The study tempered reporting of these results with a note of caution: although certain concussion symptoms (such as headache and nausea) resolved in one study within 5 days, persistent neuropsychological changes in the same study were still present 5 days postinjury, and, further, that concussions are often accompanied by cognitive problems, such as increased processing time and short-term memory loss, "which can easily overlooked if they are not carefully assessed."
The median time for RTP for all participants was 3 to 6 days and was not different between males and females. 64% of all student-athletes returned to play by 9 days post-injury (63% of males, 66% of females), with the greatest percentage of males returning to play between 7 and 9 days (29.7%), and the greatest percentage of females returning to play between 3 and 6 days (29.4%).
Advice for parents
"[P]arents should be acutely aware of [concussion] symptoms, potential differences between girls and boys, and alert coaches and healthcare workers to behavioral changes," advises Dr. Saliba. "Parents have the ability to observe the athlete longer and can perceive changes that may affect the outcome. Any lethargy, continued headache, change in behavior or affect can be concussion symptoms, especially if agitation or difficulty in concentrating are present. Many times the parent cannot identify a specific symptom, but alert someone that the athlete is 'not him or herself.' Early return to play during this time presents the most danger," she says.
Symptom evaluation just one component in concussion assessment
"From a clinical perspective," writes lead author, Leah Frommer, MEd, ATC at UC-Santa Babara, "it is important to evaluate each concussion individually and to record all symptoms reported by the injured athlete. Some symptoms, especially in the neurobehavioral category, are often overlooked on a sideline or initial assessment of concussion."
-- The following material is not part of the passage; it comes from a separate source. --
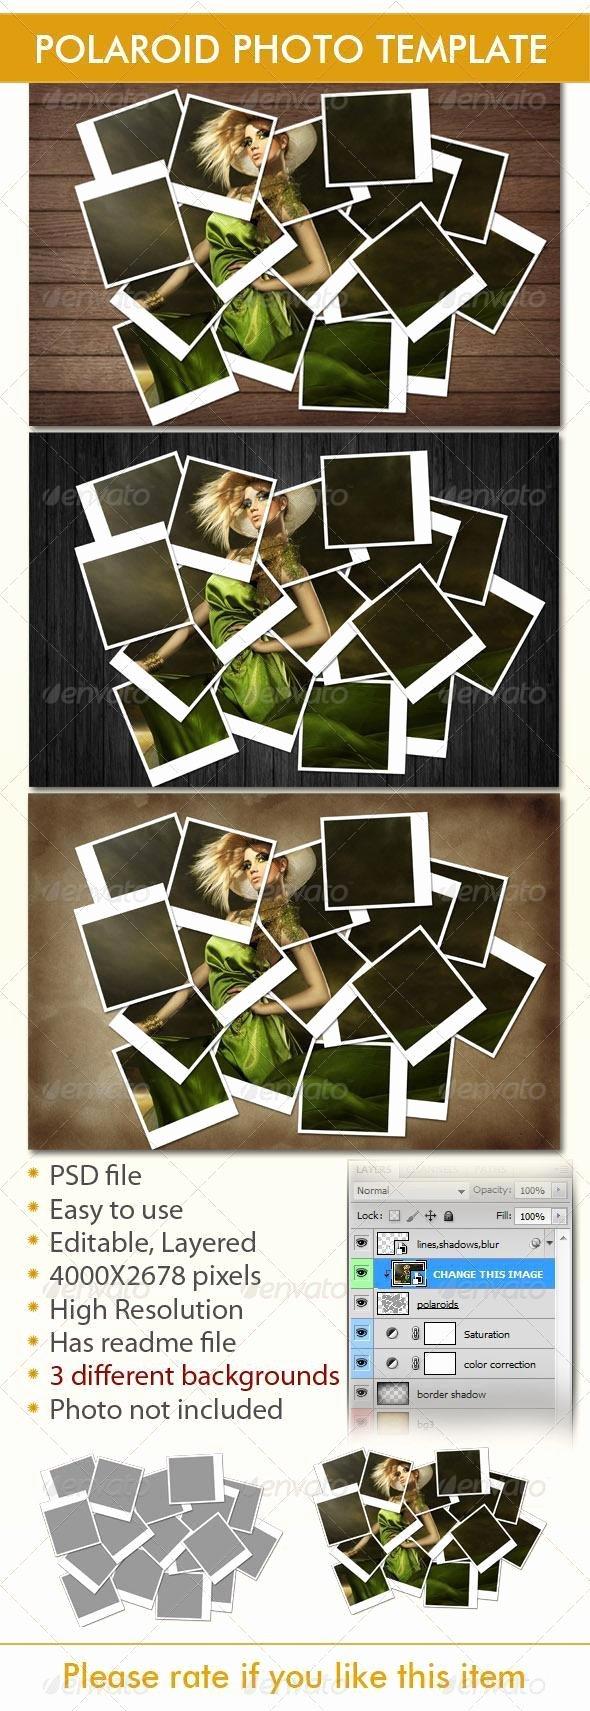 Polaroid Frame Psd Elegant 20 Polaroid Mockup Psd Templates Collection

While no athlete should be allowed to return to play until all symptoms have cleared, symptom evaluation is not, the study's authors emphasized, it "cannot be the only determining factor in making these decisions. ... Neurocognitive assessments, balance measurements, symptoms, and the physical examination should be used collectively to evaluate concussions and ensure an athlete - whether male or female - isready to return to the playing field."
"Diagnosing sport-related concussions is one of the most difficult tasks faced by sports medicine clinicians," Comstock added. "No biological markers exist to detect concussion, so diagnosis largely depends on a patient's own report. Diagnosing concussion is further complicated by the tendency of many athletes to under-report or hide symptoms from their doctors, athletic trainers, coaches and parents.
The study, by researchers at the UC-Santa Barbara, University of Virginia and The Ohio State University/Nationwide Children's Hospital, Columbus, is the first to investigate concussion symptoms, symptom resolution time (SRT) and return to play (RTP) time in a national high school population.
The data was collected by certified athletic trainers (ATCs) using an Internet-based high school injury surveillance system during the 2005-2006 (year 1) andthe 2006-2007 (year 2) school years in nine sports (boys' football, soccer, basketball, wrestling and baseball, and girls' soccer, basketball, volleyball, and softball).